La CGIL ha sempre ritenuto che la politica dei bonus non fosse la migliore carta da giocare
per sostenere la natalità. Più che di bonus una tantum e che variano di anno in anno ci
sarebbe bisogno di misure strutturali di sostegno al difficile “lavoro” di genitori e più che di
qualche mancetta ci sarebbe bisogno di aiuti seri, strutturale e consistenti. Invece, quello che
è stato partorito dalla legge di bilancio appare più come una presa in giro alle neo mamme
che come un intervento concreto di politica sociale.
La legge di bilancio 2024, infatti, prevede l’esonero della contribuzione previdenziale
(generalmente 9,19% della retribuzione), fino a un massimo di 3.000 euro annui da
riparametrare su base mensile (dunque per un massimo euro 250 mensili), per le lavoratrici
che hanno almeno tre figli. Per il solo 2024, in via sperimentale, il bonus è attribuito anche
in presenza di due figli fino al mese del compimento del decimo anno di età del figlio più
piccolo. Nel 2025 e nel 2026, invece, il beneficio è assegnato dalla nascita del terzo figlio e
si conclude con il compimento del diciottesimo anno dell’ultimo figlio. L’agevolazione
riguarda tutte le dipendenti del settore pubblico e privato (anche agricolo, in
somministrazione e in apprendistato) con contratto a tempo indeterminato. Sono escluse,
invece, le lavoratrici domestiche. Dobbiamo innanzitutto considerare che da tale
agevolazione sono escluse tutte le lavoratrici precarie e quelle autonome ( ovvero le
lavoratrici assunte prevalentemente con contratti a tempo determinato). Una scelta
totalmente insensata se pensiamo che proprio le lavoratrici più fragili dovrebbero ottenere
maggiori tutele. Una seconda considerazione va espressa sullo strumento utilizzato per la
corresponsione del bonus che consistendo in un esonero dei contributi previdenziali fa sì
che all’aumentare del reddito della lavoratrice aumenti l’importo del sostegno. Invero la
misura dovrebbe operare al contrario ed aiutare le mamme con redditi più bassi.

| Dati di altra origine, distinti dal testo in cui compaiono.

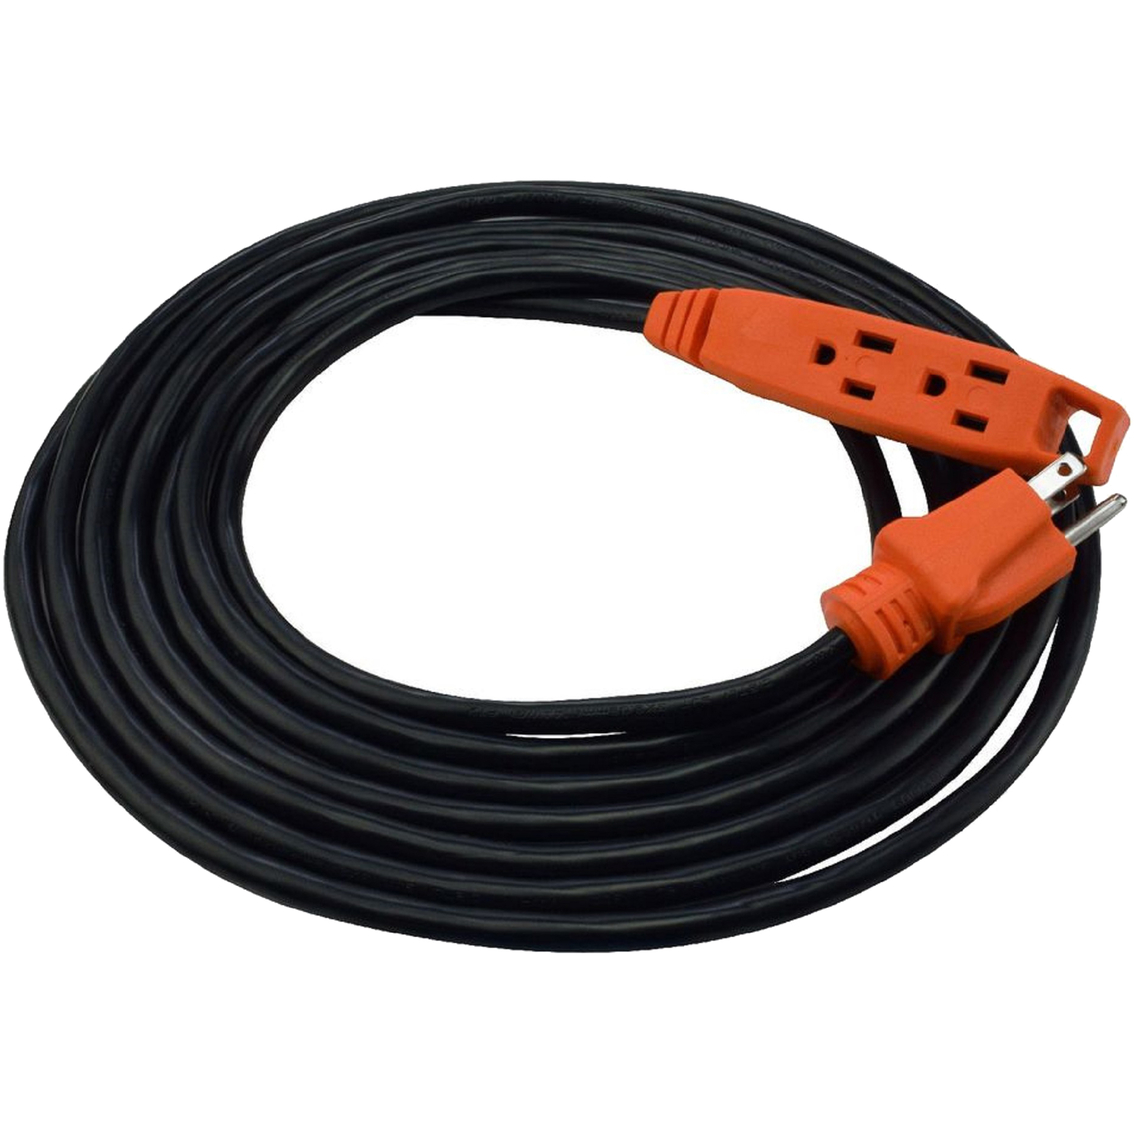 Prime Wire & Cable 15 ft. 3 Outlet Shop Cord - Image 2 of 2

Ma la vera beffa del Governo è rappresentata dal fatto che le mamme che decideranno di
richiedere il bonus perderanno l’agevolazione accordata alla generalità dei lavoratori
dipendenti relativa all’esonero sulla quota dei contributi previdenziali per l’Invalidità, la
Vecchiaia e i Superstiti (quota IVS) a carico del lavoratore (cosiddetto taglio del cuneo
contributivo). Dunque la scelta del bonus mamma fa perdere l’analogo taglio contributivo
già percepito. In particolare l’esonero dei contributi IVS agisce nella misura del 7% fino ad
un reddito mensile massimo di €.1.923 e 6% fino a 2.692€. In altre parole, ad usufruire in
maniera piena del bonus mamme saranno soltanto le lavoratrici che percepiscono un reddito
mensile superiore ad euro 2.692 mensili.
Per poter accedere al bonus mamme le lavoratrici devono comunicare al datore di lavoro la
volontà di avvalersi dell’esonero in argomento, secondo i calcoli della CGIL lo sgravio
dovrebbe interessare solo il 6% delle lavoratrici. Una platea volutamente ridotta, che non
considera le lavoratrici con un solo figlio persino nei casi in cui questo sia affetto da
disabilità. Paradossalmente del bonus mamme beneficeranno nella sua totalità le lavoratrici
con stipendi medio alti. Le donne a basso reddito, usufruiranno di tale bonus in misura
irrisoria. Più volte abbiamo espresso un giudizio critico sulla misura che, ancora una volta,
segue la logica del bonus, e che conferma l’incapacità di mettere in campo un intervento
ampio e strutturato nel tempo che affronti con serietà ed efficacia i problemi del divario
retributivo di genere e del calo della natalità. Le scelte compiute dal Governo in tema di
lavoro continuano ad essere condizionate negativamente da coperture limitate e
insufficienti. Una serie di provvedimenti tutti nel segno dell’attivazione della sola leva
economica e tutti con caratteristiche che, lungi dall’essere strutturali, ci riportano invece
indietro alla stagione dei bonus che l’assegno unico e universale per i figli aveva tentato di
smantellare nell’intento di offrire alle famiglie strumenti di carattere non temporaneo e tanto
più consistenti quanto peggiore fosse la condizione economica del nucleo familiare.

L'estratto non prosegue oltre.